There were reports of frantic negotiations within government and last-minute drafting and re-drafting, leading up to the publication of this weeks plan for social care reform. These can’t have been true because as we all know, the plan was already clear and prepared two years ago. Now we have it, some things are clear:
- It is the first government investment plan for social care for many years – that’s better than where we were
- Some people who currently pay unlimited amounts for social care will be protected from some (but not all) of those catastrophic costs (care costs are in, but room and board in care homes are not)
- Most of the money is actually for the NHS – for social care to get an increasing share of it as planned, would be the first time such a big transfer of resources from health to care has ever happened, making it possible but unlikely
The debate has been 90% about older people, whose care makes up 50% of social care, with disabled people’s care and support remaining fairly invisible. The debate has been about 100% about paying for that care, not about what needs to change about it. It’s possible that the biggest change which will come after this week is that the new system may bring enough people into the state-organised social care system to raise its status to a level where people demand as much of it as they demand of education and health: a second or third increase in social care funding may not be as hard, or take as many years, as the first.
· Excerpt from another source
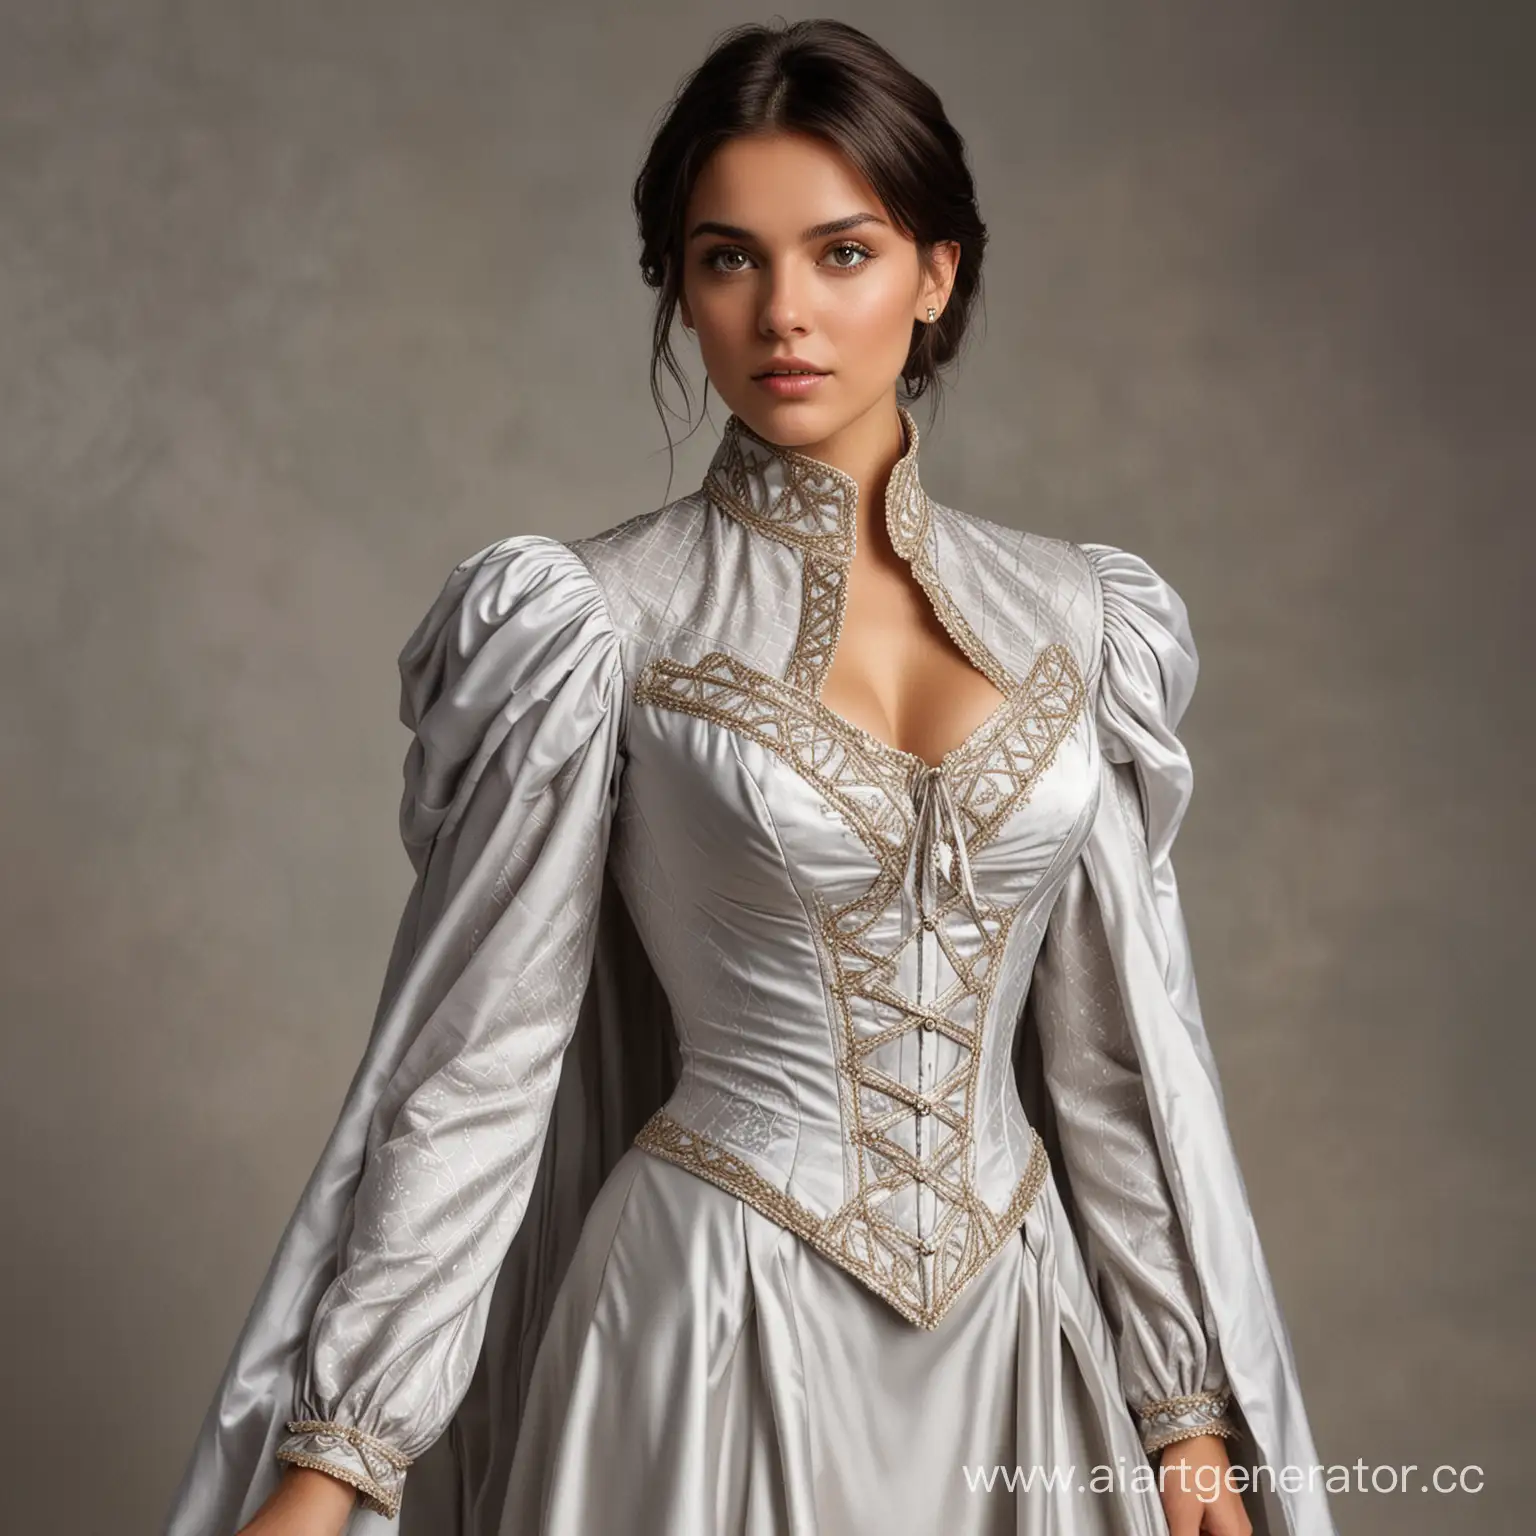 A young brunette female mage with short hair falling to shoulder length, tanned skin and dark eyes, dressed with a robe that has a fine, tight collar open in a diamond pattern over a corset that covers the bust, with wide silk sleeves and a flowing ankle-length skirt, the entire suit in pearl gray fabric.

There is a White Paper planned to set out what the plan really will be. So the real work starts now. The Dept for Health and Social Care has been given just enough money to start to envisage a different future for social care. Fortunately for the government, the UK social care sector, despite or perhaps because of the years of hardship it has faced, doesn’t just contain the crises, failures and scandals which make the news, it also contains some of the most exciting and effective innovation in the world. We don’t need to look abroad for new models – they come to us, regularly, to find out about ours. We just need to scale them. And the ‘we’ of course, cannot be experts, councils and provider organisations alone, it has to be the two groups of people who matter most:
- the people and families who make most use of social care services
- the groups and communities most poorly served by social care services
The starting question for improving social care is not ‘How do we improve social care?’ It’s ‘What does a good life look like, and how can we get there?’ This vision has already been set out by a group of people who use services called Social Care Future. If there had already been a clear plan, it would have been the wrong one, because the only way to get the right plan is for people who use services to be in the lead as we try to imagine the kinds of communities, organisations, support and systems which will build that vision.